In particular, we observed and analyzed how the fusion of CNN-derived image features and
shape information impacted the overall classification accuracy. We also computed the F1-scores
and AUC (area under the ROC curve) values across stressors and target classes. The results in
Figs. 4, 5 and 6 are presented as an array of bar charts where each row represents a target class
(Abrams, Bradley, HMMWW, MRAP or Stryker) and each column represents a stressor type
(defilade, distortion, vertical coloration, horizontal coloration, or camouflage). Within each bar
chart, the 𝑥-axis represents the stress levels (0% - 75%) and 𝑦-axis represents the performance
metric (F-1 score or AUC). We observe how each of the three CoNNText models (with Resnet-50,
Inception-V3, or VGG-16 as the base CNN) performs in comparison to one another in terms of
the F-1 score (Fig. 4). We also observe how the CoNNText model performs in comparison to its
corresponding PureCNN model in terms of the F-1 score and AUC metrics (Figs. 5 and 6).
   Before presenting a per-stressor type and per-target class analysis of performance, we make
the following general observations: (a) The CoNNText Resnet-50 is observed to clearly outper-
form its PureCNN counterpart with the inclusion of the SC descriptor yielding higher F1-scores
across all the stressor types and stress levels. (b) The CoNNText Inception-V3 does not perform
worse than its PureCNN counterpart, exceeding the PureCNN’s F-1 score only for the Horizontal
Coloration stressor. (c) The CoNNText VGG-16 however is not able to capture the shape features
effectively to boost its F-1 score in comparison to its PureCNN counterpart.

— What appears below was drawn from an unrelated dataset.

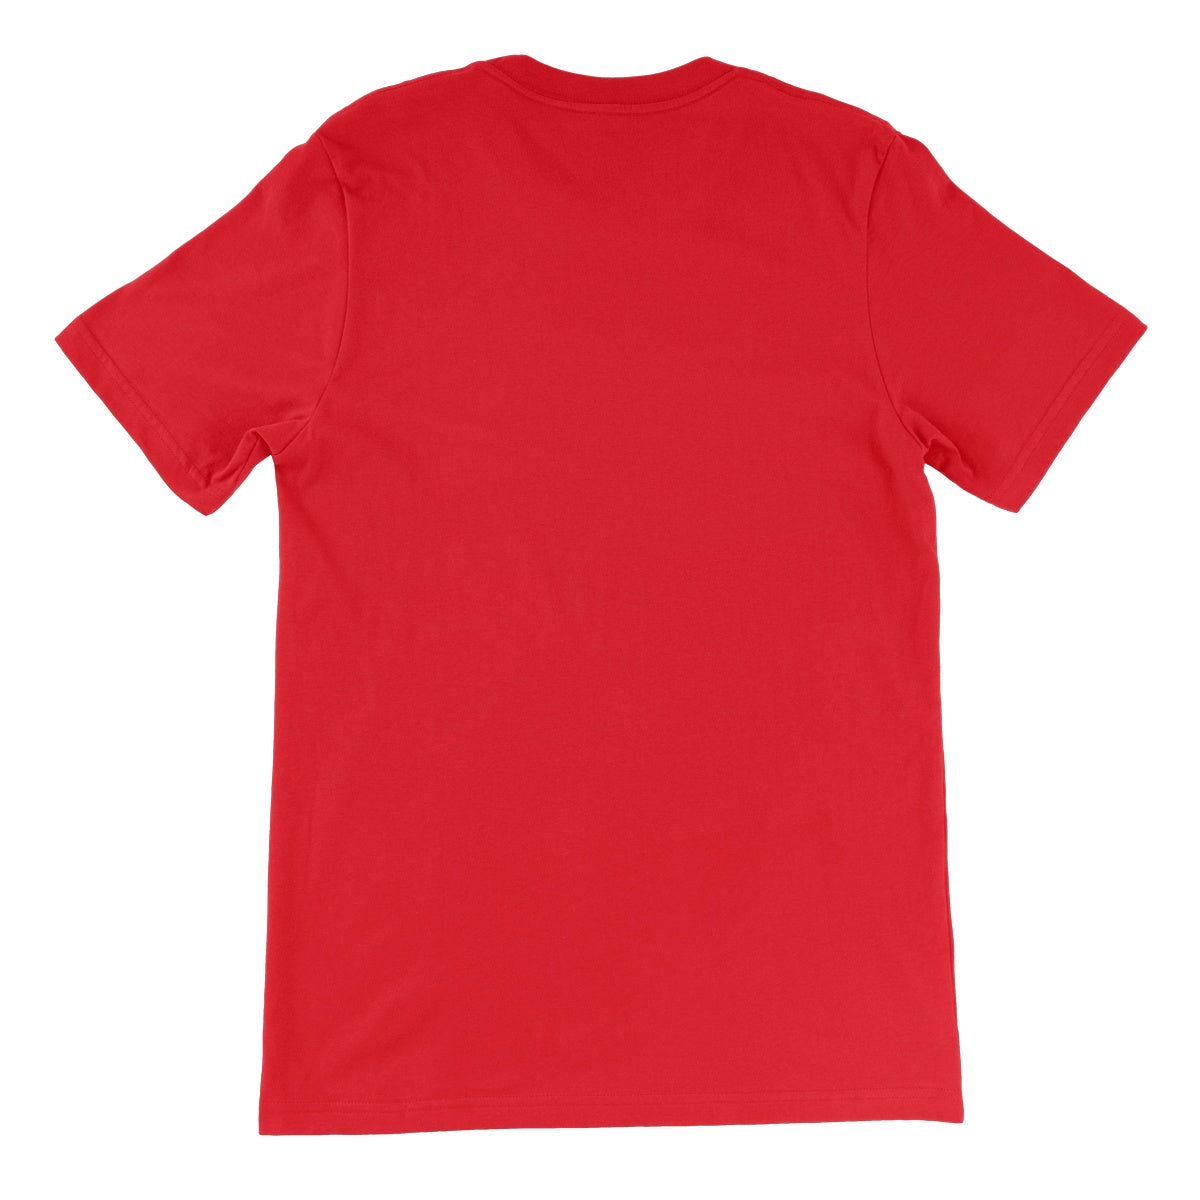 AQUA HMP2 - 05 - Kinder - Unisex T-Shirt aus feinem Jersey

5.1. Detailed Per Stressor Type Analysis
For the defilade stress, at 25% and 50% stress levels, CoNNText performs better than its PureCNN
counterpart (Figs. 5 and 6). In the case of the MRAP class, CoNNText shows considerable
improvement over PureCNN owing to MRAP’s unique shape and structure. In the case of MRAP
and Bradley, CoNNText shows consistently better performance over its PureCNN counterpart
(Figs. 5 and 6). At the 75% stress level, CoNNText exhibits a drop in F-1 score for the MRAP
class. Since both, HMMWW and MRAP have boxy shapes, CoNNText, which relies on the SC
descriptor-based shape information, predicts some instances of MRAP as HMMWW. Although
there is a distinct difference between the MRAP and HMMWW shapes (HMMWW has more
straight edges and flat surfaces whereas MRAP has a more angular and curved shape) during
a defilade stress test, most object parts are obscured resulting in the confusion between the
two classes. Additional auxiliary information would be needed to resolve this confusion under
defilade stress.
   For the distortion stress, at 25% stress level, we observe that CoNNText performs almost the
same as PureCNN for all classes, with better CoNNText F-1 scores in the case of MRAP and
Bradley and slightly lower CoNNText F-1 scores (0.02% - 0.04%) for the other classes (Fig. 5).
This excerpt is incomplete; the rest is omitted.